■ WHAT TO PRODUCE ■
Reproduce the listing below in full and without alteration, apart from its pictures.

■ GIVEN INFORMATION ■
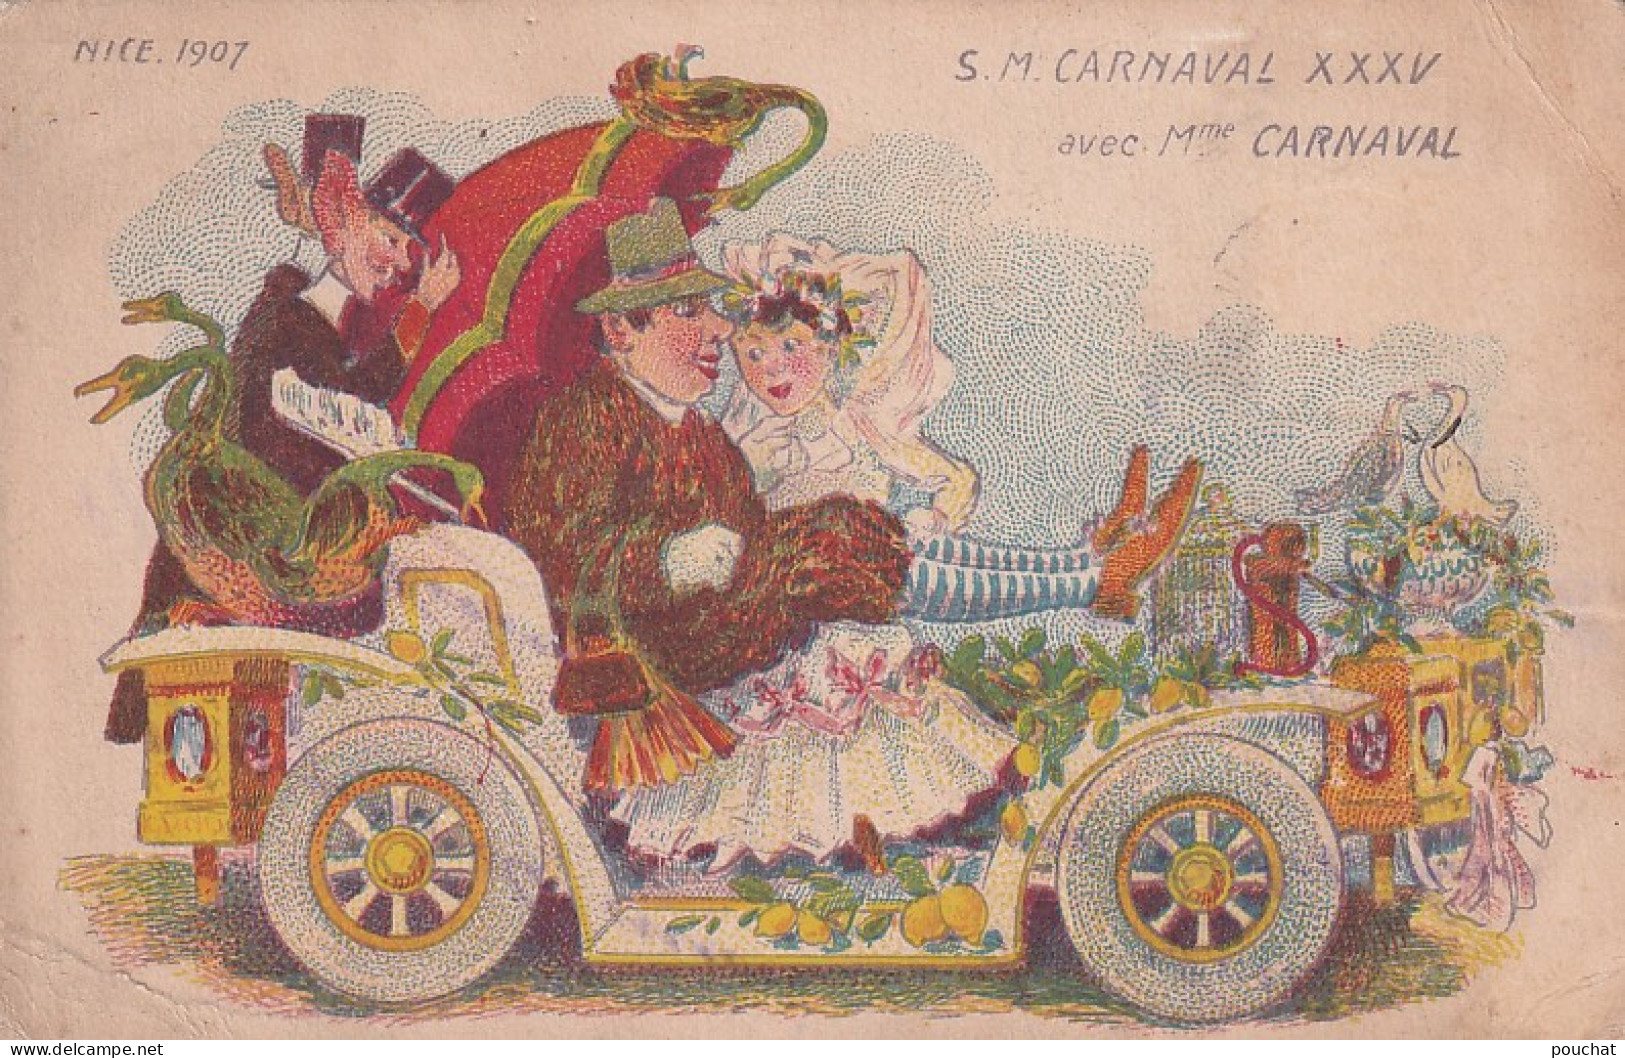 KO 27-(06) NICE 1907 - S. M. CARNAVAL XXXV AVEC Mme CARNAVAL - ILLUSTRATEUR - Carnival
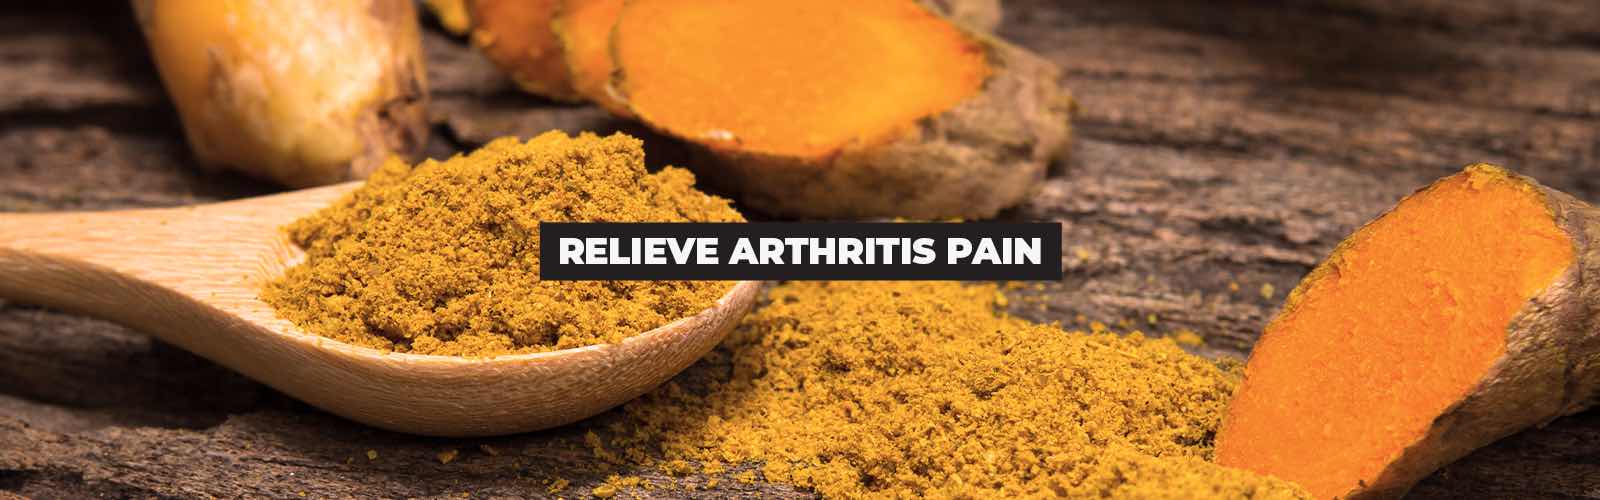 Can Turmeric Relieve Arthritis?
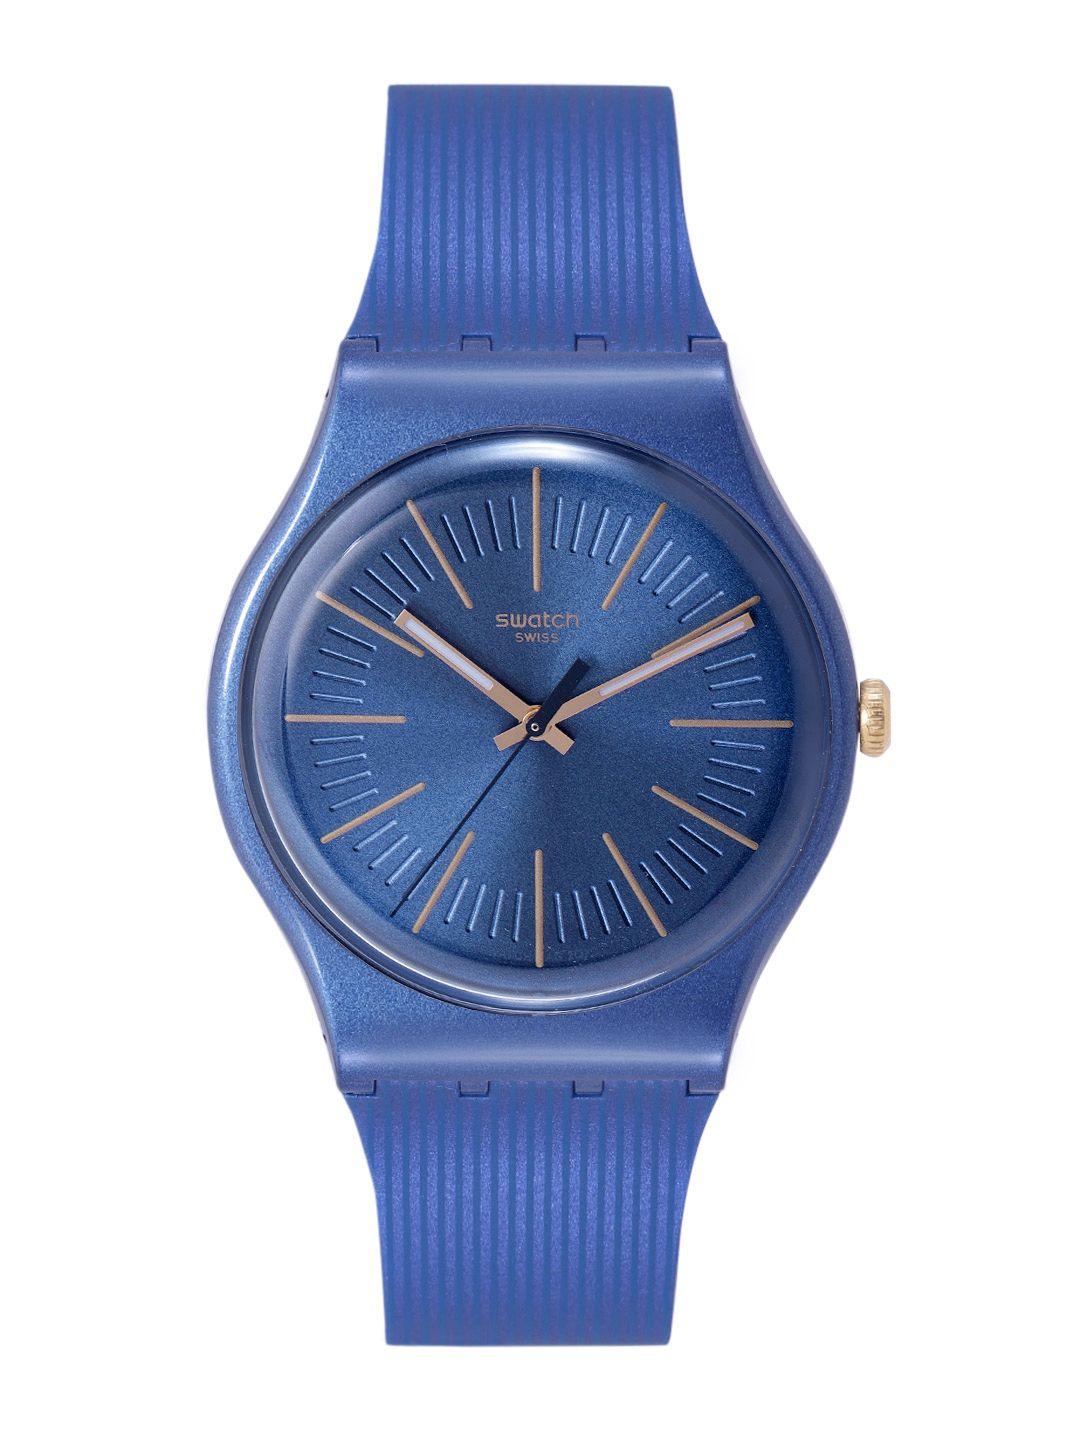 swatch unisex navy blue swiss made analogue watch suon143

■ THE ANSWER ■
 KO 27-(06) NICE 1907 - S. M. CARNAVAL XXXV AVEC Mme CARNAVAL - ILLUSTRATEUR - Carnival
 Can Turmeric Relieve Arthritis?
 swatch unisex navy blue swiss made analogue watch suon143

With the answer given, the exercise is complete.